Поскрипывал снег под окнами, внизу: хруп-хруп-хруп… И совсем уже неожиданно донеслось оттуда: «Ямщик, не гони лошадей… — Кто-то трубно откашлялся, высморкался и, набрав воздуха, снова запел, безбожно перевирая: — Ямщик, не гони лошадей, мне некуда больше спешить…»

Пришел из соседнего вагона Пепеляев, бледный и растерянный:

— Как думаете, куда нас отсюда повезут? Во Владивосток или в Харбин?

«Ямщик не гони лошадей…» — донеслось опять с улицы. Колчак усмехнулся:

— Судя по всему, Виктор Николаевич, никуда нас отсюда не повезут. Можете быть спокойны.

— Но как же? Что нам здесь делать? Настала пора оплачивать векселя…

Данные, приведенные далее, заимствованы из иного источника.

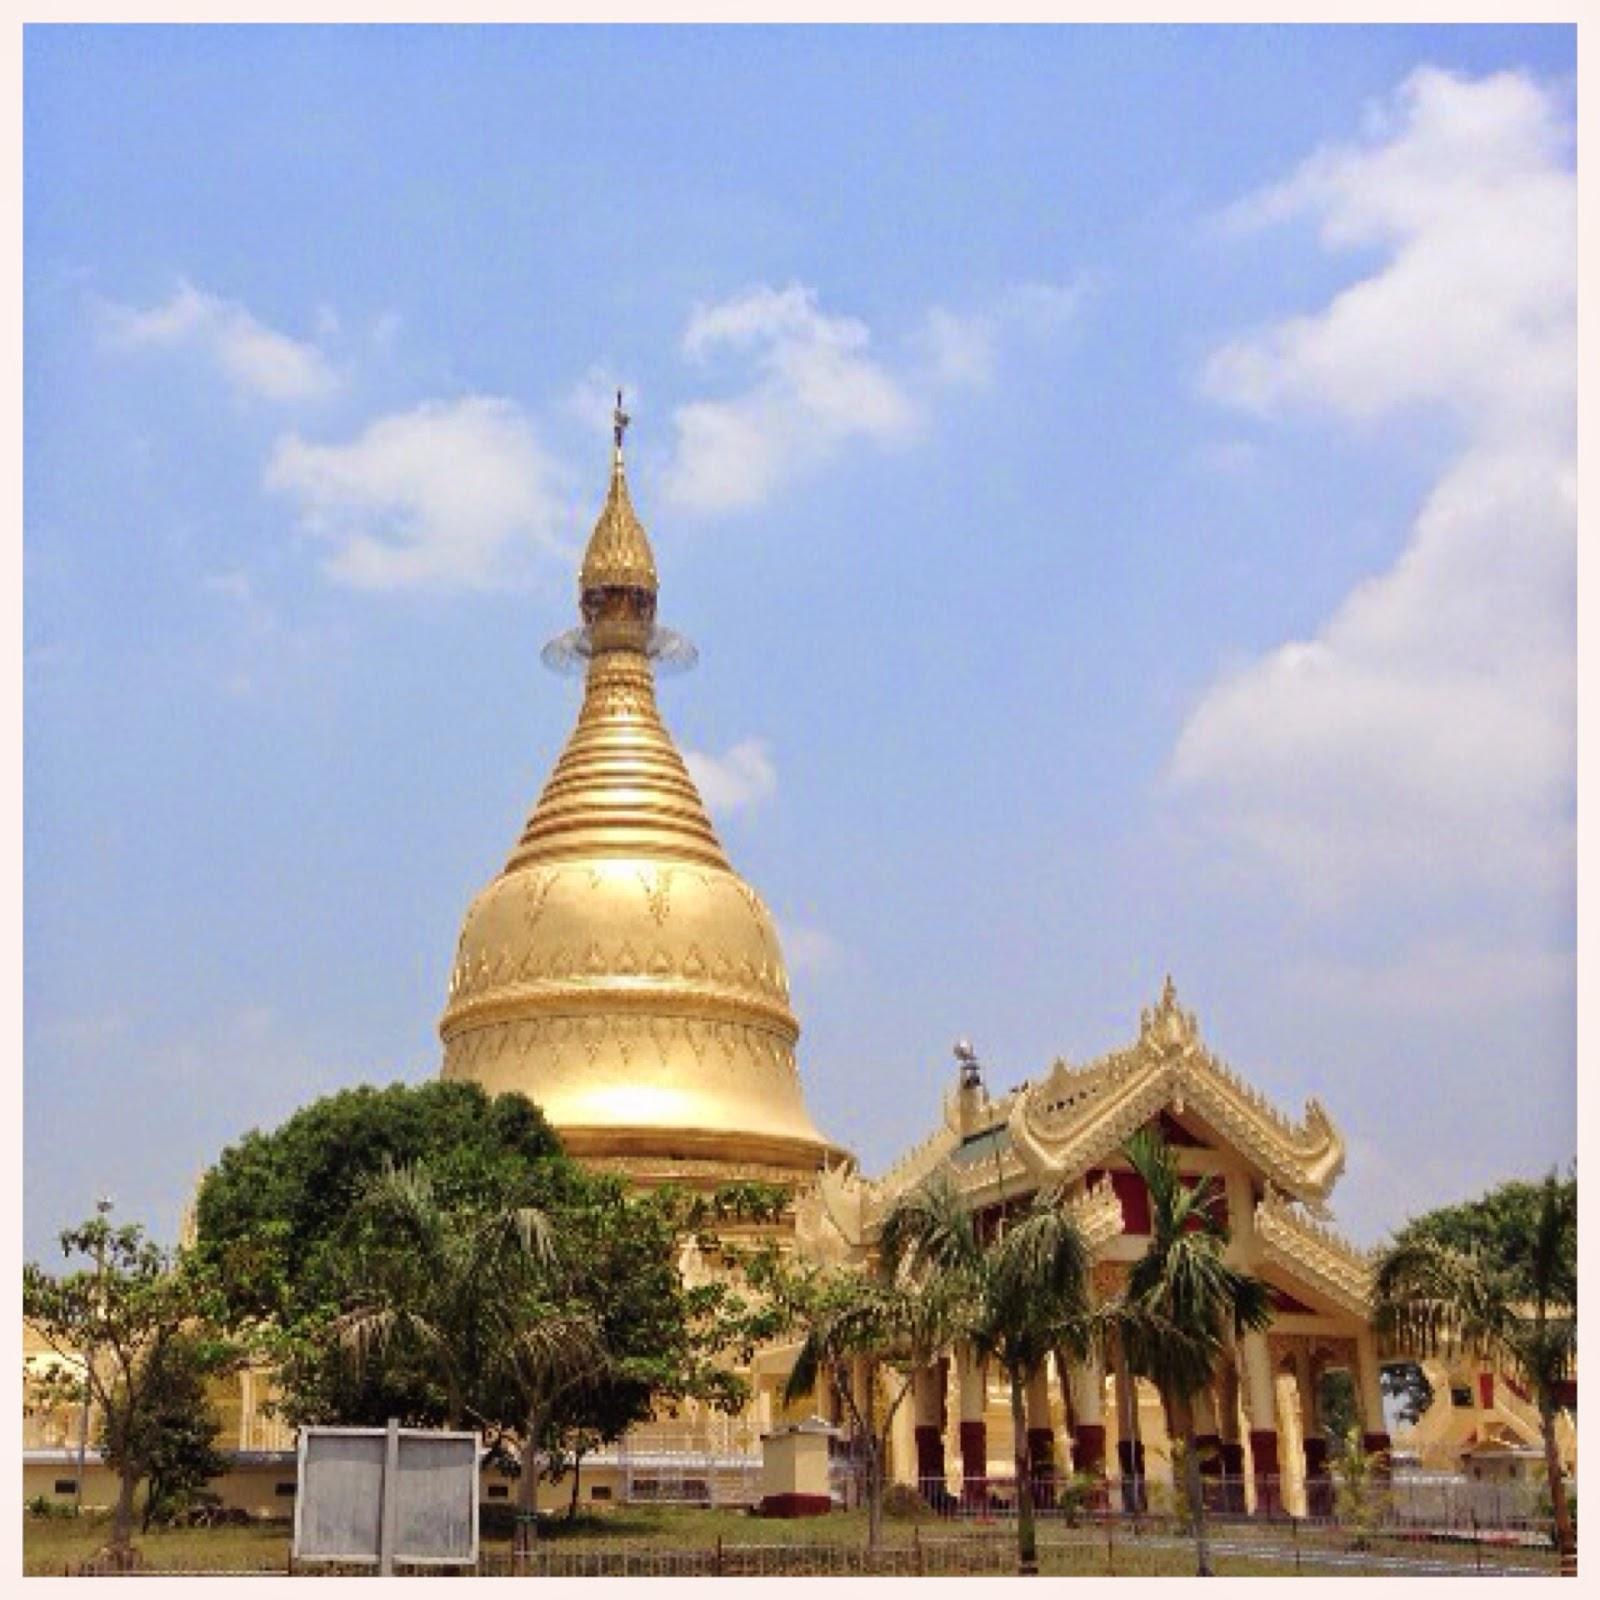 Ngar Htat Gyi Pagoda, Check Out Ngar Htat Gyi Pagoda ...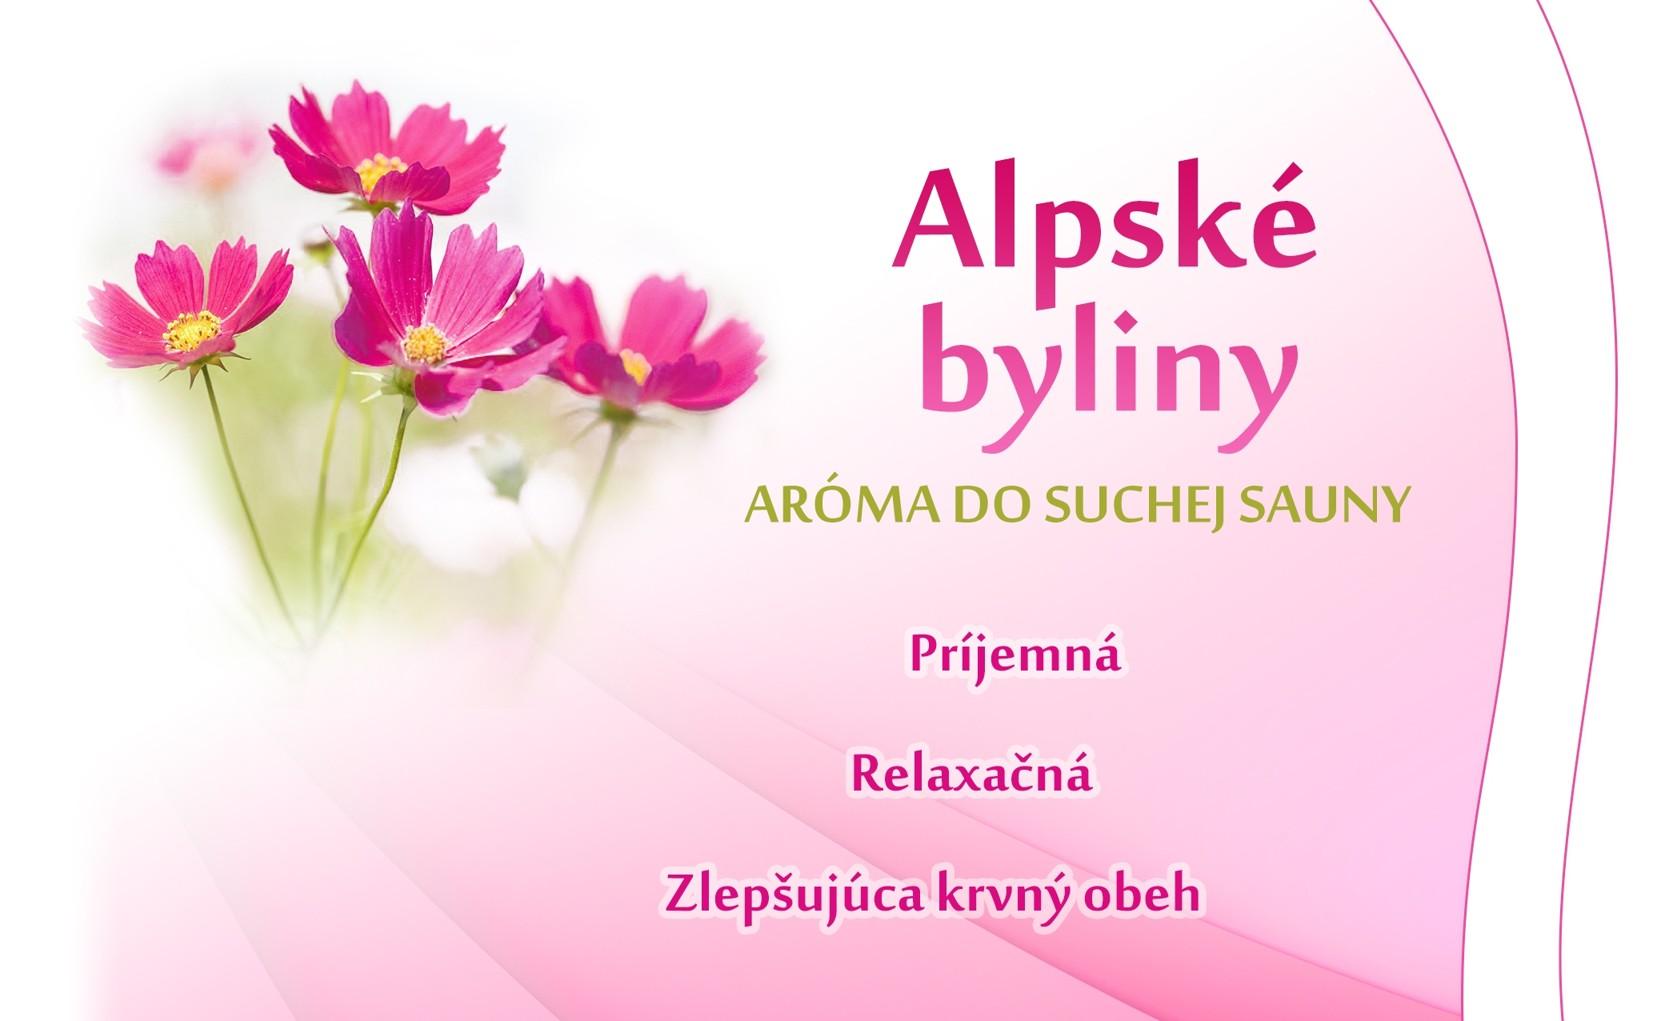 Alpské bylinky - suchá sauna

Пепеляев, однако, еще надеялся на что-то и ждал с нетерпением возвращения коменданта поезда. Премьер-министр не знал, что не далее, как три дня назад, Иркутский большевистский губком предъявил союзному командованию и Политцентру, взявшему на себя «всю полноту власти», требование о выдаче Колчака, Пепеляева и всего золотого запаса — в противном случае большевики угрожали взорвать кругобайкальские железнодорожные туннели, отрезав тем самым отход и самих союзников. Ультиматум был веский. И чехословаки не могли с ним не считаться.

Но Пепеляев все еще на что-то надеялся. Ждал коменданта. Волновался. И ежеминутно поглядывал на часы.

Наконец комендант вернулся. Вошел в вагон адмирала, громко бухая промерзлыми сапогами, небрежно козырнул и сказал весело:

— Все, господа! Поезд дальше не пойдет…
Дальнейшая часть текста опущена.